NEW YORK — Whether to allow more exports of U.S. oil and natural gas has become a matter of political debate in Washington. But to economists, the answer is clear: The nation would benefit.
The vast majority of economists surveyed this month by The Associated Press say lifting restrictions on exports of oil and natural gas would help the economy even if it meant higher fuel prices for consumers.
More exports would encourage investment in oil and gas production and transport, create jobs, make oil and gas supplies more stable and reduce the U.S. trade deficit, they say.
As domestic energy production has boomed, drilling companies have pushed to be allowed to sell crude oil and natural gas overseas, where they can command higher prices. Such exports are restricted by decades-old energy security regulations.
Those opposed to opening trade say exports could make it more expensive for Americans to heat their homes and fill up their cars.
But even economists who think exports might increase fuel prices for U.S. consumers — an open question — say the overall benefit to the economy would outweigh any possible harm. It would be better to allow the exports and use tax breaks or other methods to help those struggling with higher prices, they say.

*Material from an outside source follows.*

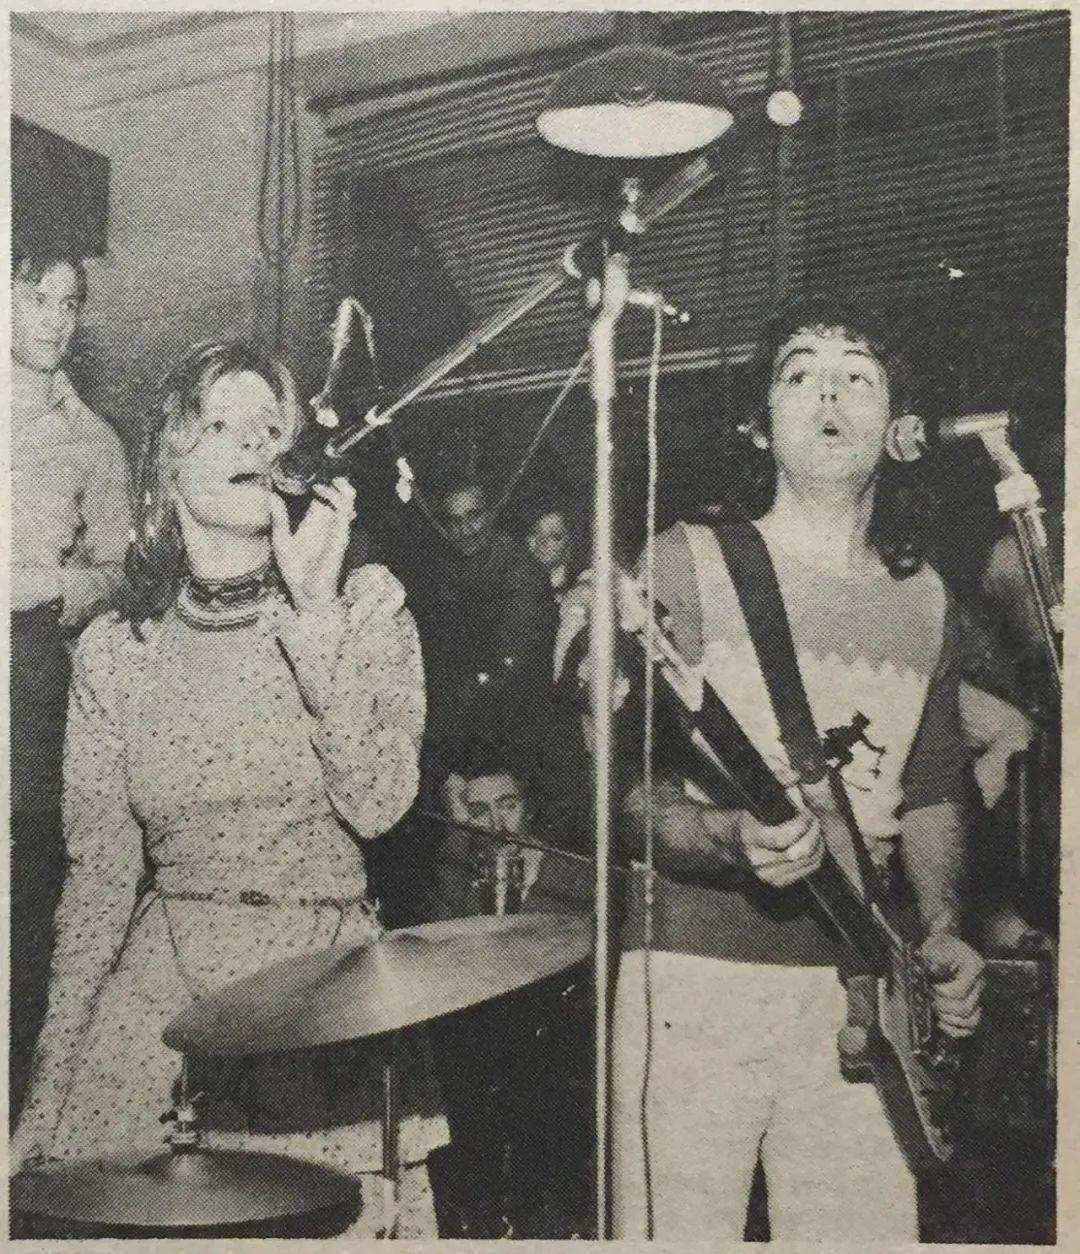 Paul McCartney在餐厅举行即兴音乐会。
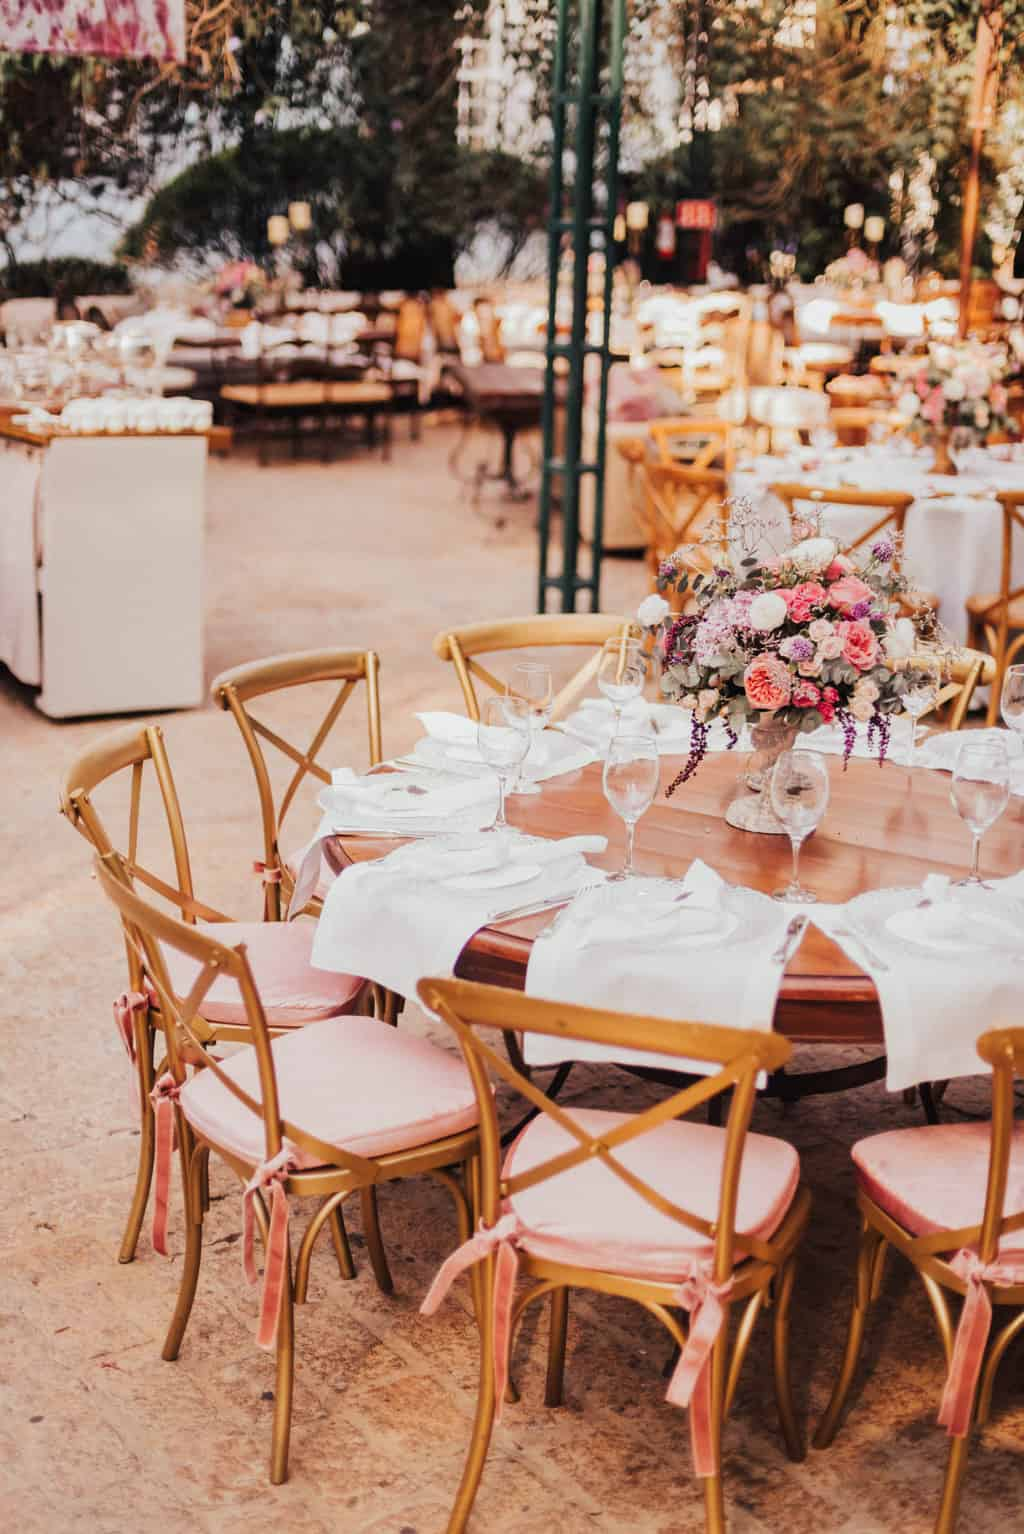 Boutique-de-Cena-casamento-Rebeca-e-Eldrey-Fazenda-Vila-Rica-Fotografia-Mana-Gollo-mesa-dos-convidados-Toda-de-Branco34

“The economy in general is better off if we can sell something to someone and bring money into the economy,” said Jerry Webman, chief economist at Oppenheimer Funds. “I’d rather deal with any side effects directly than limit our ability to do business with the world.”
The AP survey collected views of private, corporate and academic economists on a range of issues. Of the 30 economists who participated, nearly 90 percent responded that more exports of oil and gas would help the U.S. economy.